Jamie McClelland via Postfix-users:
> Hi all,
>
> I carefully read a thread from a few years ago about warming up IP
> addresses using Postfix:
>
> https://www.mail-archive.com/[email protected]/msg97100.html
>
> One answer was to use a database lookup
> (https://www.mail-archive.com/[email protected]/msg97102.html)
> and another answer was to use smtpd_recipient_restrictions and randmap
> (https://www.mail-archive.com/[email protected]/msg97107.html).
>
> However, both answers *seem* to base the rate limiting on the
> destination domain name, not the destination MX server. Since a
> considerable amount of email goes to Microsoft and Google from custom
> domain names, this shortcoming means the rate limiting will let a lot
> more email go to Google and Microsoft than intended.

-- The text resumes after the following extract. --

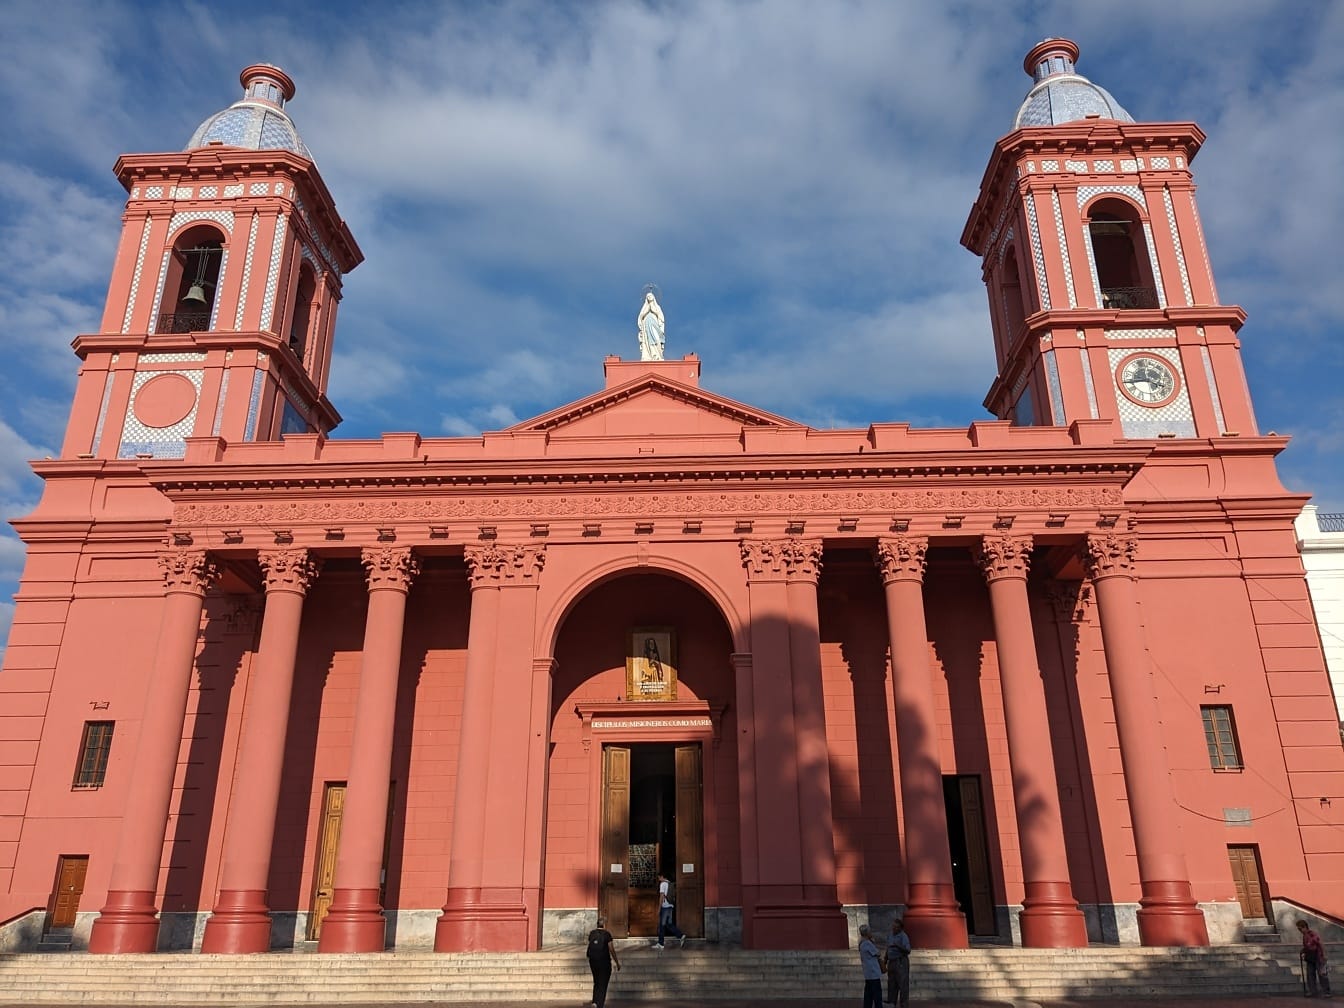 Katedral Basilika Our Lady of the Valley di Catamarca di Argentina dengan dua menara bergaya arsitektur kolonial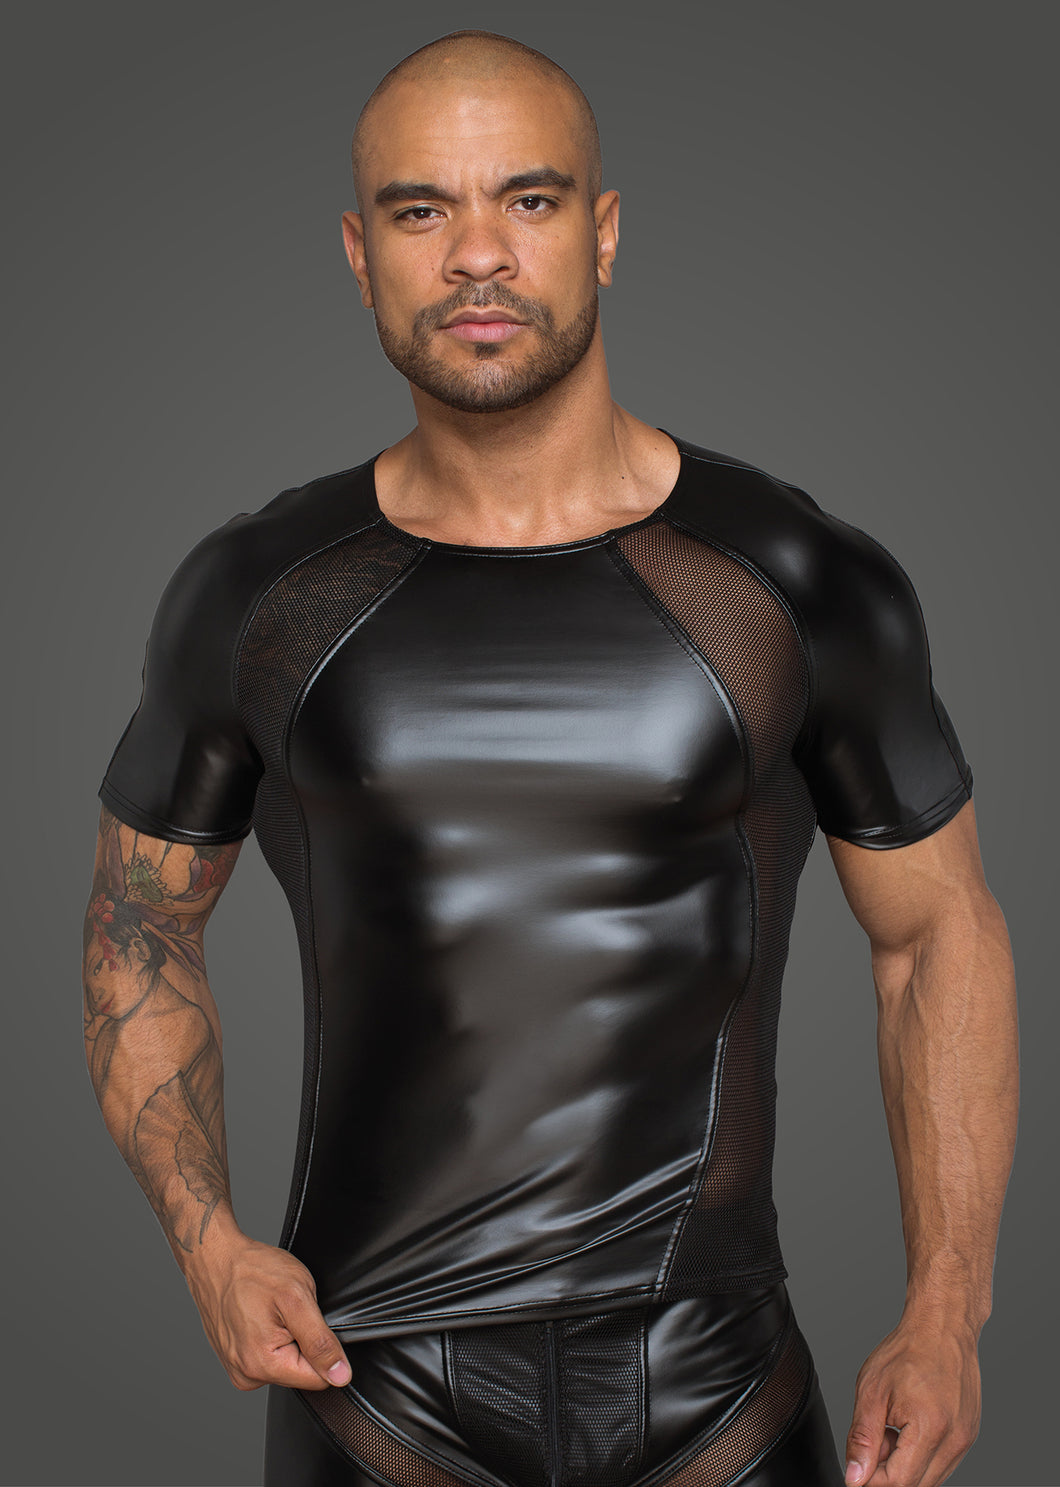 Herrenshirt aus Powerwetlook mit 3D Netzeinsätzen - Weiblichkeit mit Stil

Indeed, the Postfix scheduler is driven by destination domain
and it does not look up MX records. That was nt a proboem
when the scheudler was designed and implemented.
There is a workaround (solution?) that uses check_recipient_mx_access
and content filter support:
/etc/postfix/main.cf:
smtpd_something_restrictions =
...
check_recipient_access lmdb:/etc/postfix/mx-filter
...
/etc/postfix/mx-filter:
outlook.com filter outlook-smtp:
google.com filter google-smtp:
...
/etc/postfix/master.cf:
outlook-smtp ...same fields as generic 'smtp' client...
google-smtp ...same fields as generic 'smtp' client...
...
A simpler solution does not exist at this time. This requires adding
mx-filter and master.cf entries for every email hosting service.